Isso ocorre, porque, ao preencher credenciais automaticamente, o gerenciador de senhas verifica a URL real da página, e não aquilo que parece estar na barra de endereço ou o que a interface visual mostra. Diferentemente de um usuário humano, não é possível enganar um gerenciador de senhas por meio de técnicas como browser-in-the-browser, domínios com pequenas variações ortográficas (typosquatting) ou formulários de phishing ocultos em anúncios e pop-ups. A regra é simples: se o gerenciador de senhas oferecer o preenchimento automático de login e senha, você está em um site para o qual já salvou credenciais.
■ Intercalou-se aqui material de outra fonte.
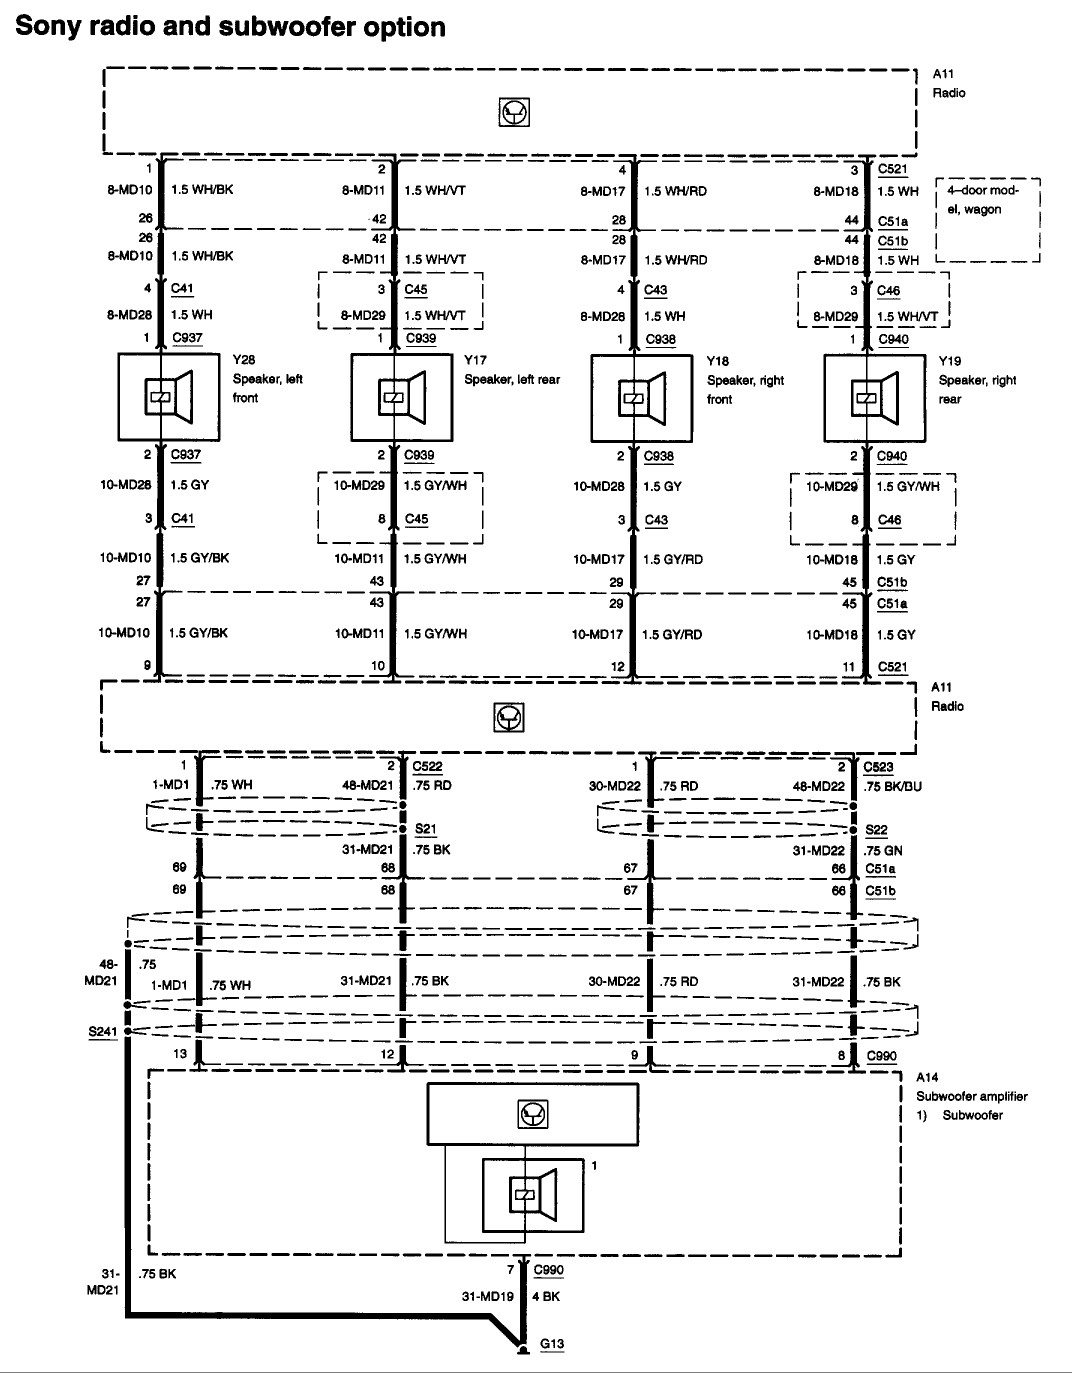 2003 ford Focus Radio Wiring Diagram Floralfrocks and Autoctono 2006 ford Escape Stereo Wiring Diagram

Se ele permanecer silencioso, há um forte indício de que algo está errado.

Além disso, seguir algumas recomendações clássicas de segurança digital ajuda a se proteger contra phishing ou, pelo menos, reduzir os danos caso um ataque seja bem-sucedido:

  • Ative a autenticação em dois fatores (2FA) em todas as contas que suportam esse recurso. Idealmente, utilize códigos temporários gerados por um aplicativo autenticador dedicado como segundo fator. Isso ajuda a evitar golpes de phishing que interceptam códigos de confirmação enviados por SMS, aplicativos de mensagem ou e-mail. Leia mais sobre 2FA de código único em nosso post dedicado.
  • Utilize chaves de acesso. A opção de login com chave de acesso também pode indicar que você está em um site legítimo. Aprenda tudo sobre o que são chaves de acesso e como começar a usá-las em nossa análise aprofundada sobre essa tecnologia.
  • Crie senhas únicas e complexas para todas as contas. Faça o que fizer, nunca reutilize a mesma senha em contas diferentes. Recentemente explicamos em nosso blog o que torna uma senha realmente forte. Gerar combinações únicas, sem precisar memorizá-las, KPMé a melhor opção. Como benefício adicional, também pode gerar códigos temporários para autenticação em dois fatores, armazenar suas chaves de acesso e sincronizar suas senhas e arquivos entre seus diferentes dispositivos.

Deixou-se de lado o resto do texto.